**Directions for this task**
Quote exactly, and only, the lines from the one containing "Coloring book a fascinating Christmas deer" through the end of the material below. Skip pictures.

Segment Start: Recorded information

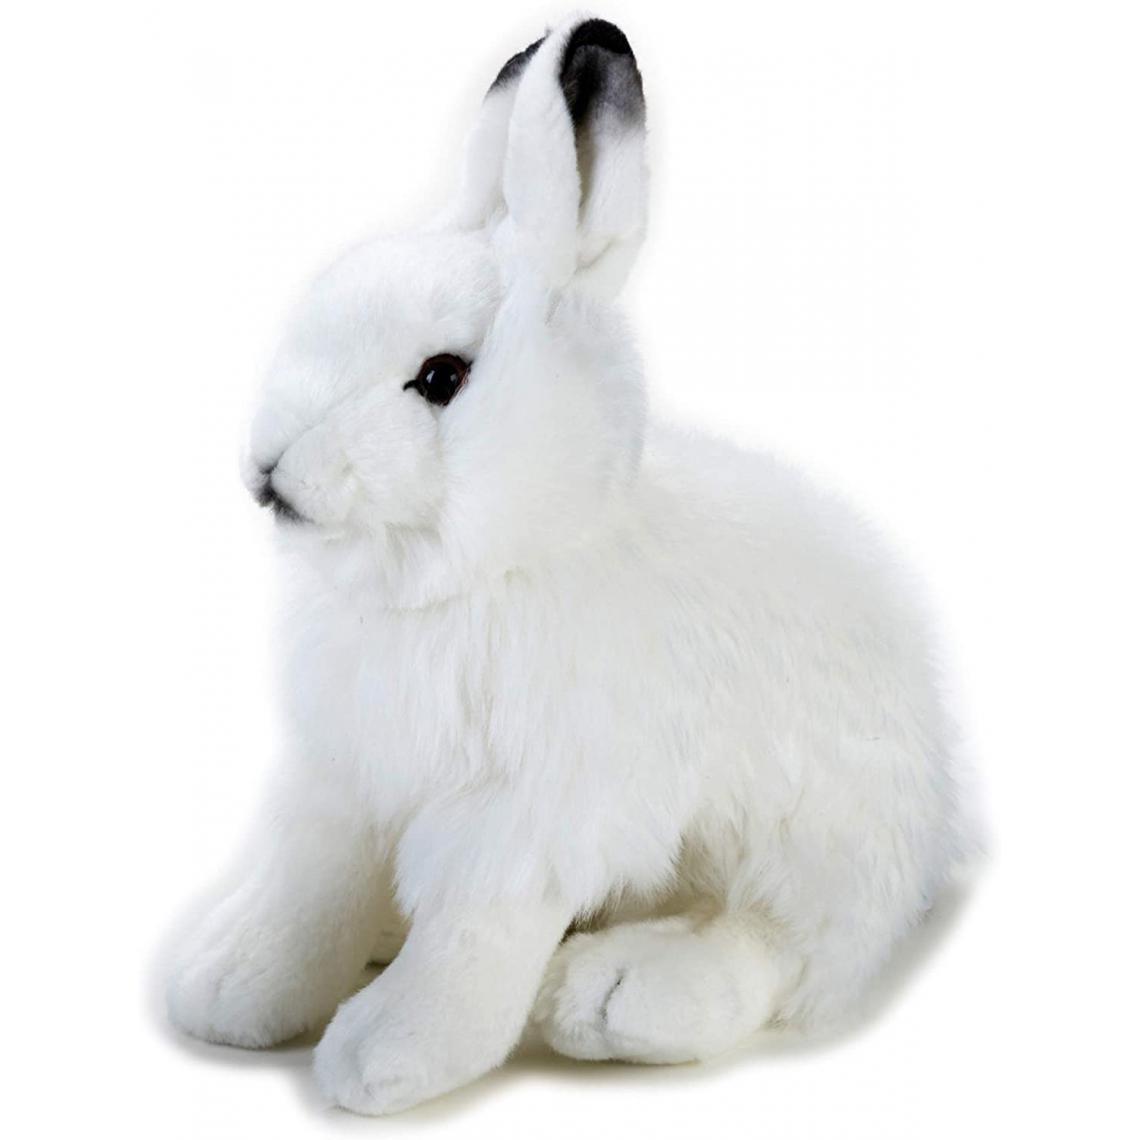 National Geographic - peluche lapin de 25 cm blanc - Animaux
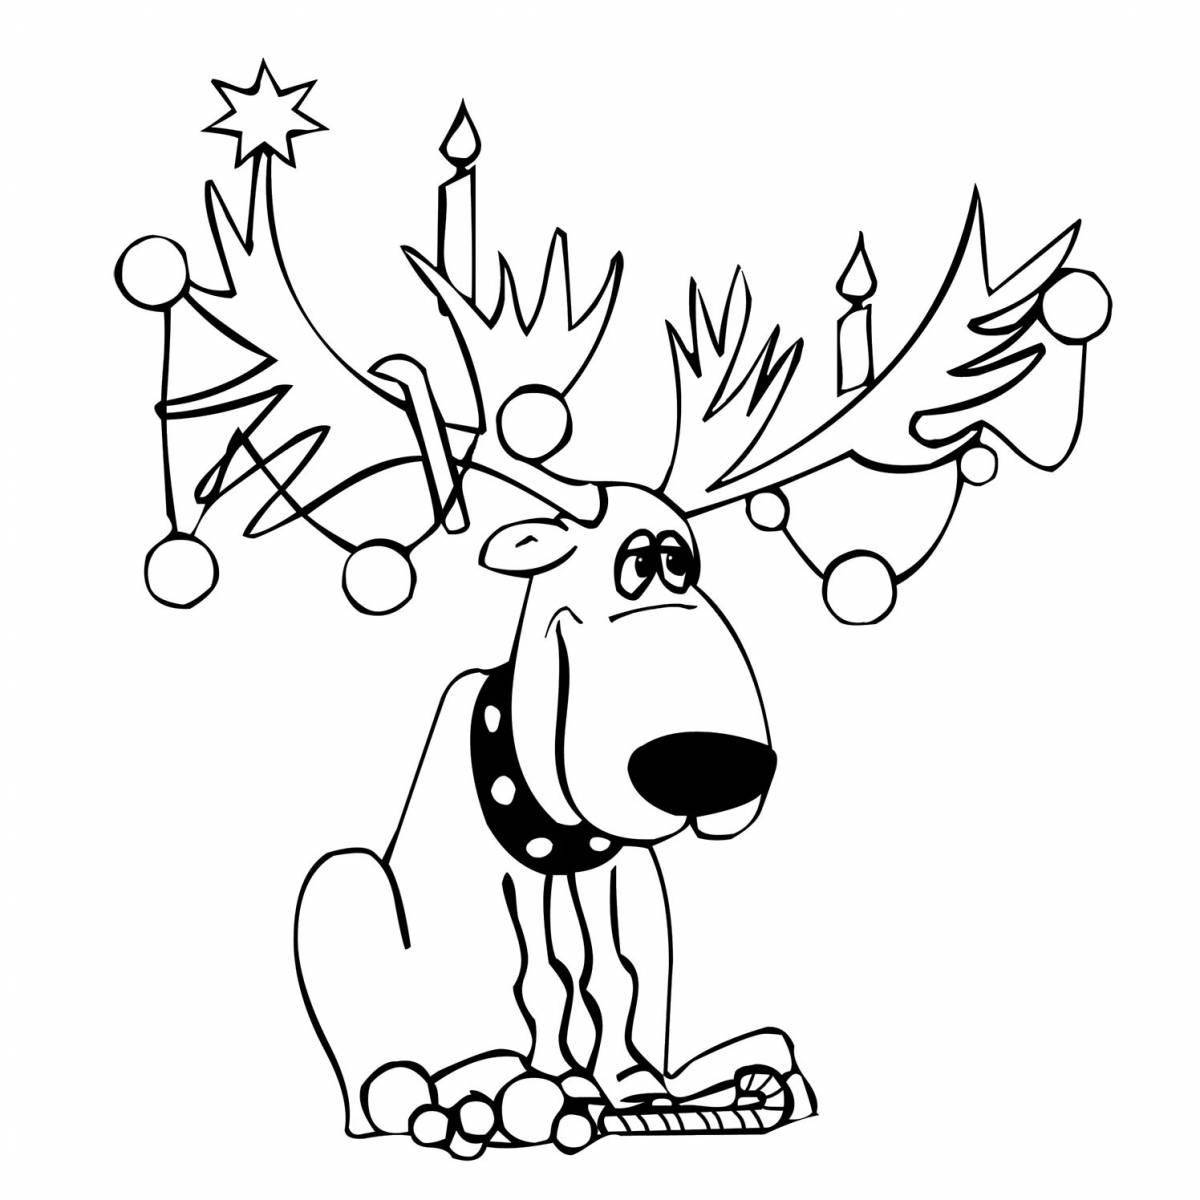 Coloring book a fascinating Christmas deer
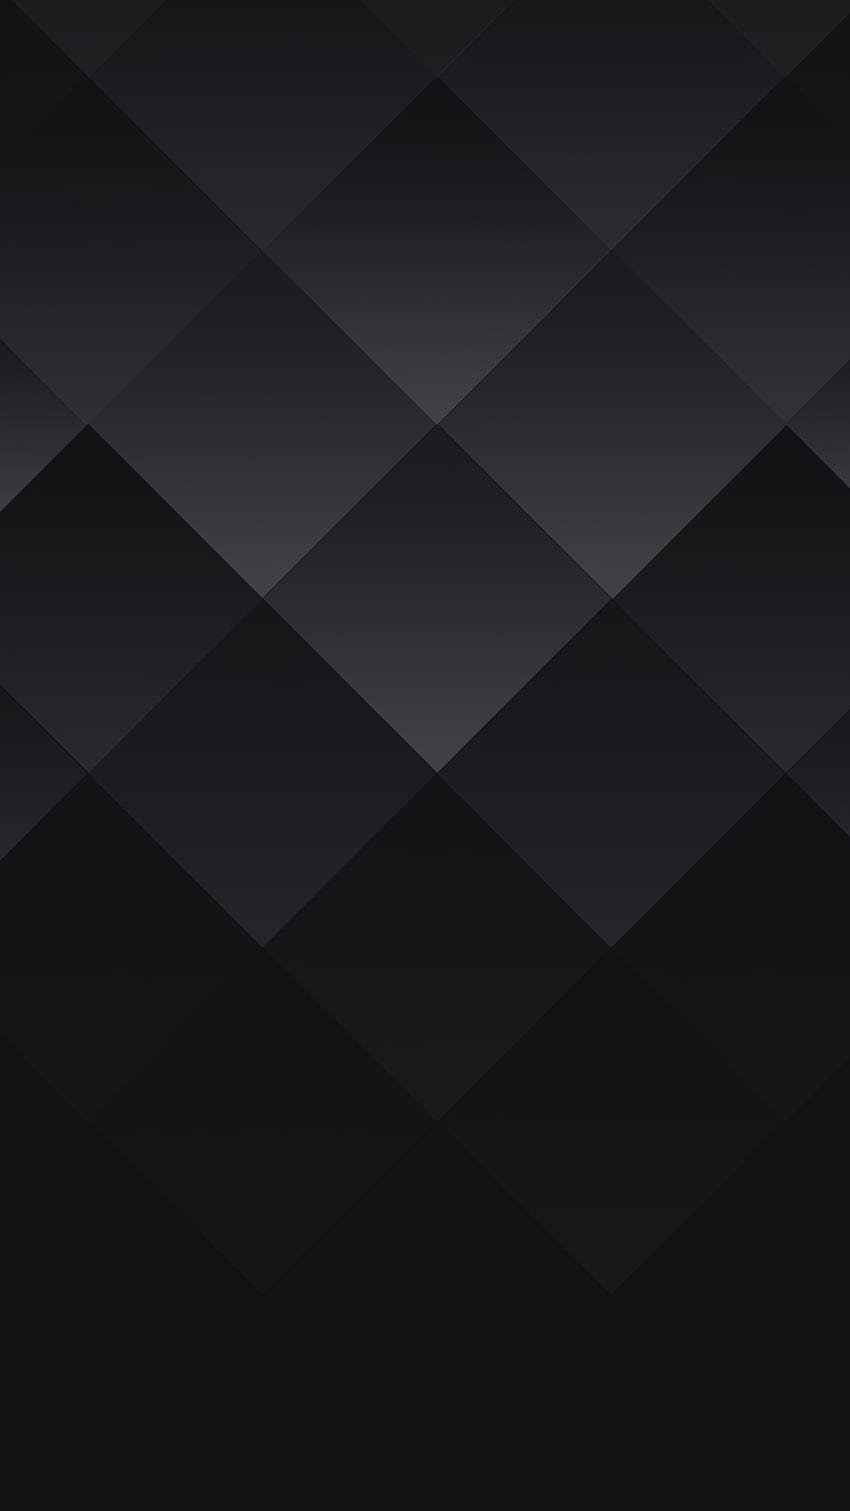 BlackBerry KEYone .png 1 440×2 560 Pixels. Papel De Parede De Madeira, Papel De Parede Android, Papel De Parede Celular, Dark Pixel HD phone wallpaper
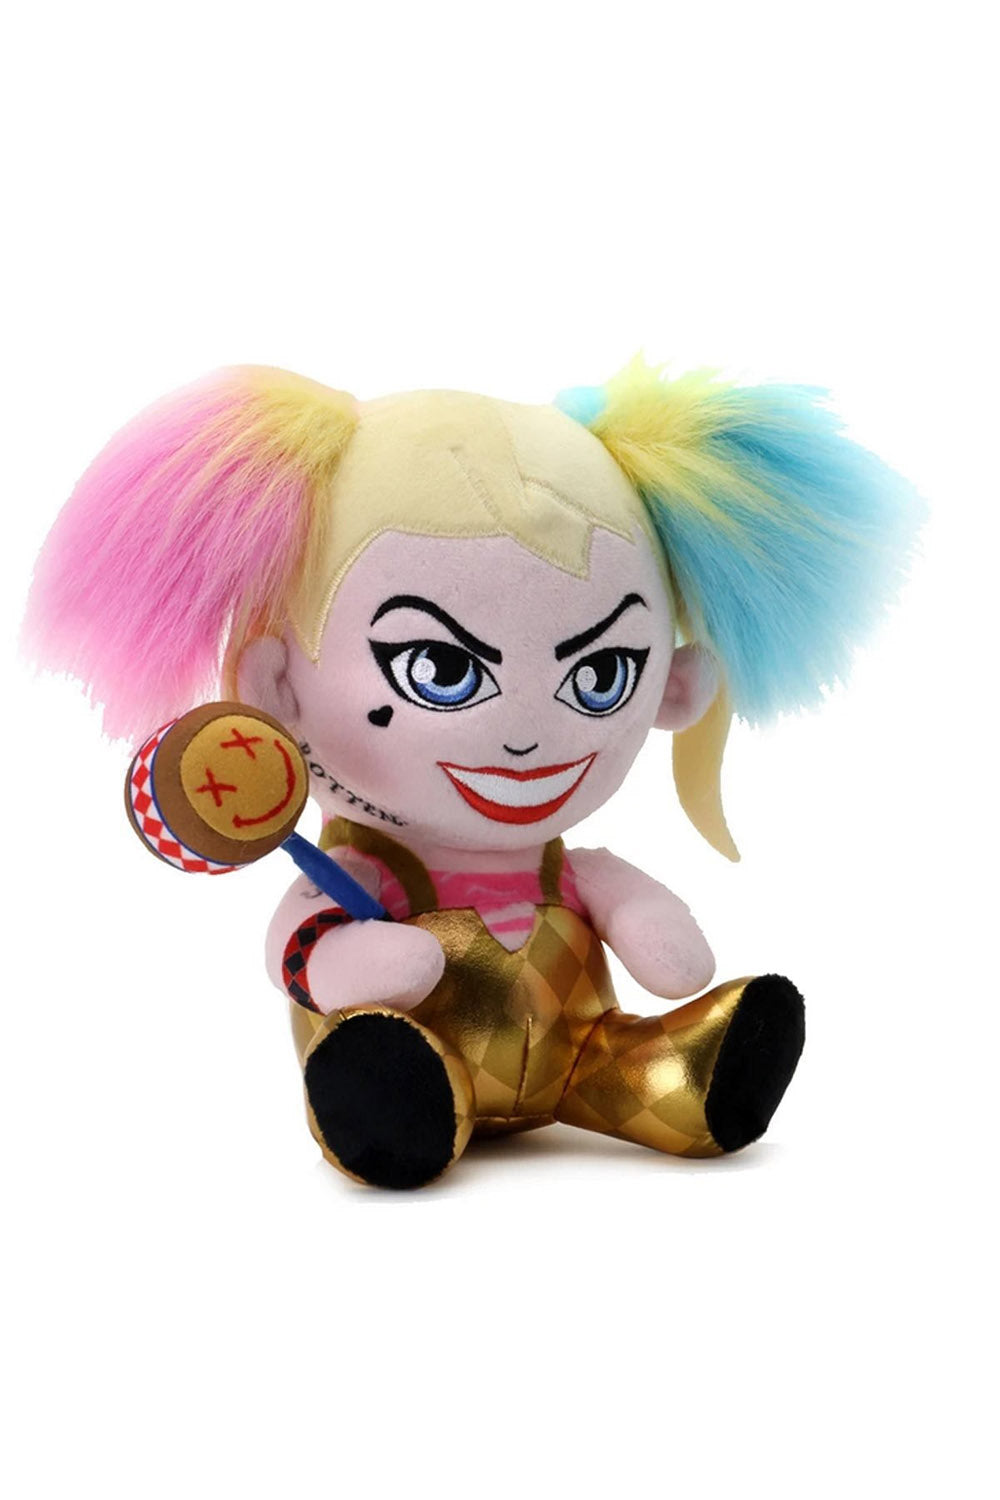 Harley Quinn Phunny Plush Toy

Segment End: Recorded information

**Solution to the problem**
 Coloring book a fascinating Christmas deer
 BlackBerry KEYone .png 1 440×2 560 Pixels. Papel De Parede De Madeira, Papel De Parede Android, Papel De Parede Celular, Dark Pixel HD phone wallpaper
 Harley Quinn Phunny Plush Toy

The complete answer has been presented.